#### Assigned task
Everything in the listing below except the pictures should be reproduced exactly.

#### Data block
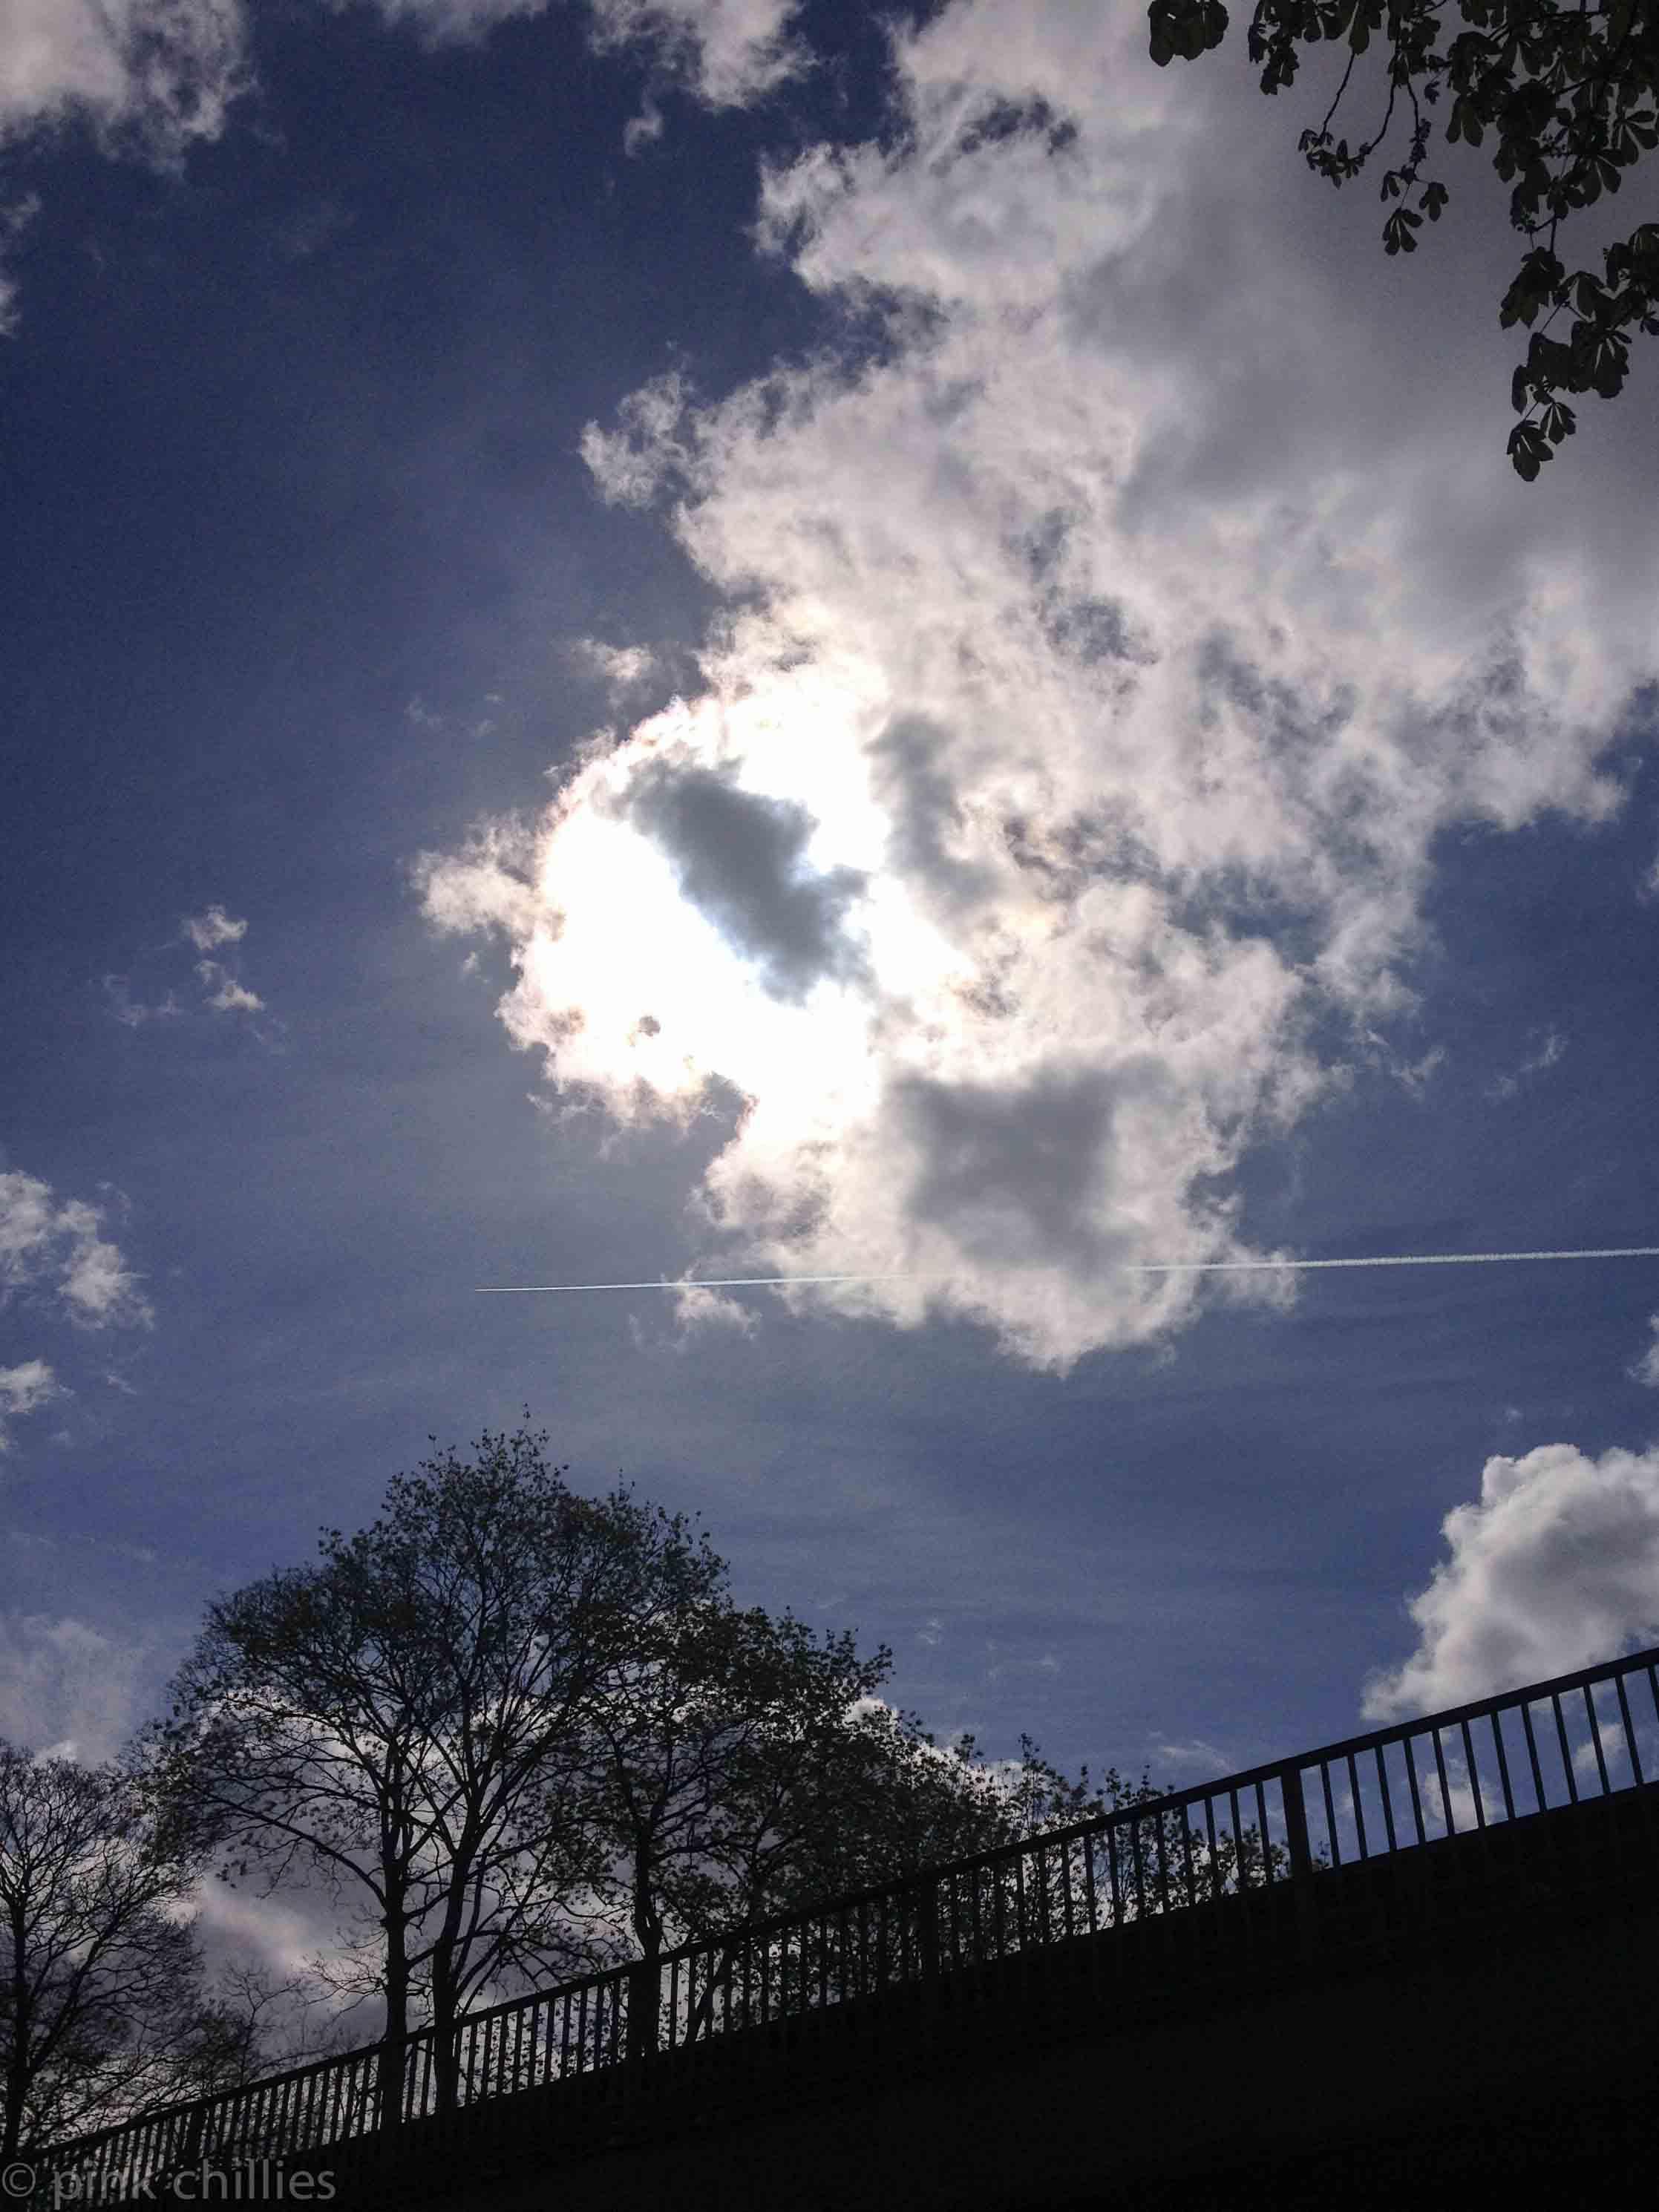 Eisenbahnbrücke Wolken Flugzeug am Himmel
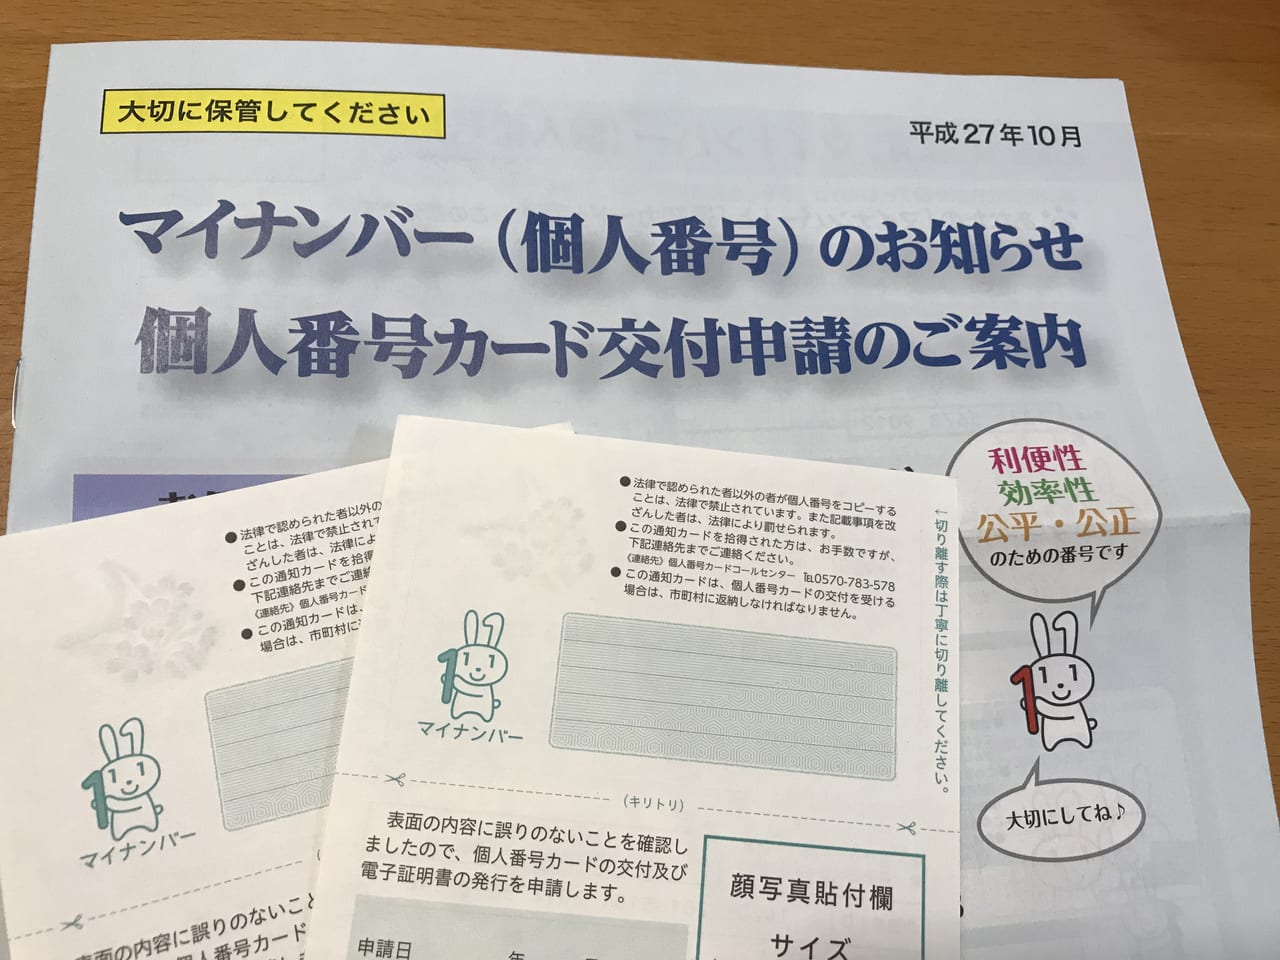 10万円給付 城東区 大阪市
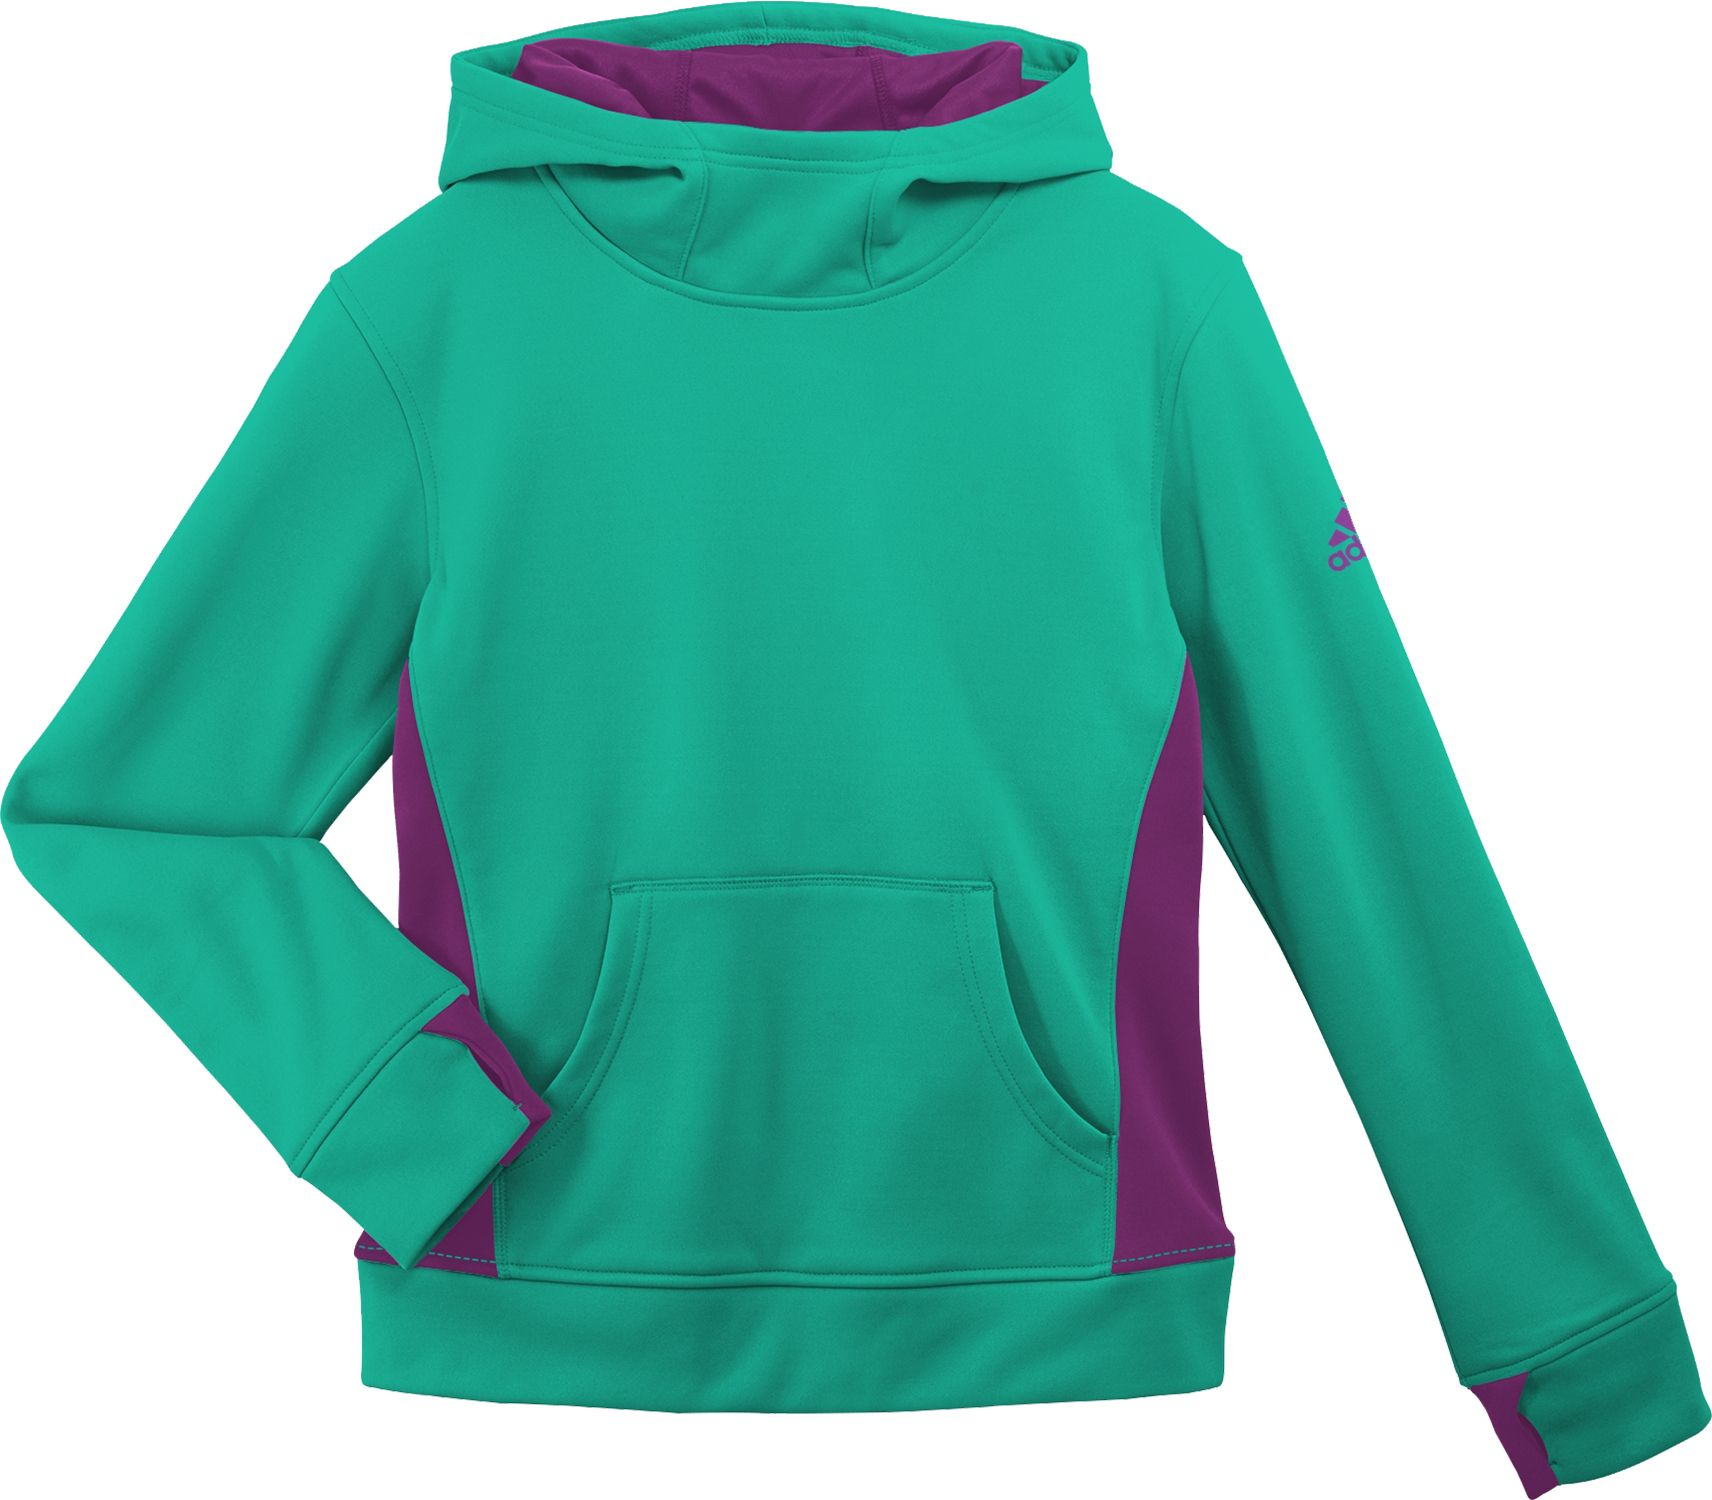 adidas Girls Tech Fleece Hoodie DICKS Sporting Goods

#### Output of the exercise
 Eisenbahnbrücke Wolken Flugzeug am Himmel
 10万円給付 城東区 大阪市
 adidas Girls Tech Fleece Hoodie DICKS Sporting Goods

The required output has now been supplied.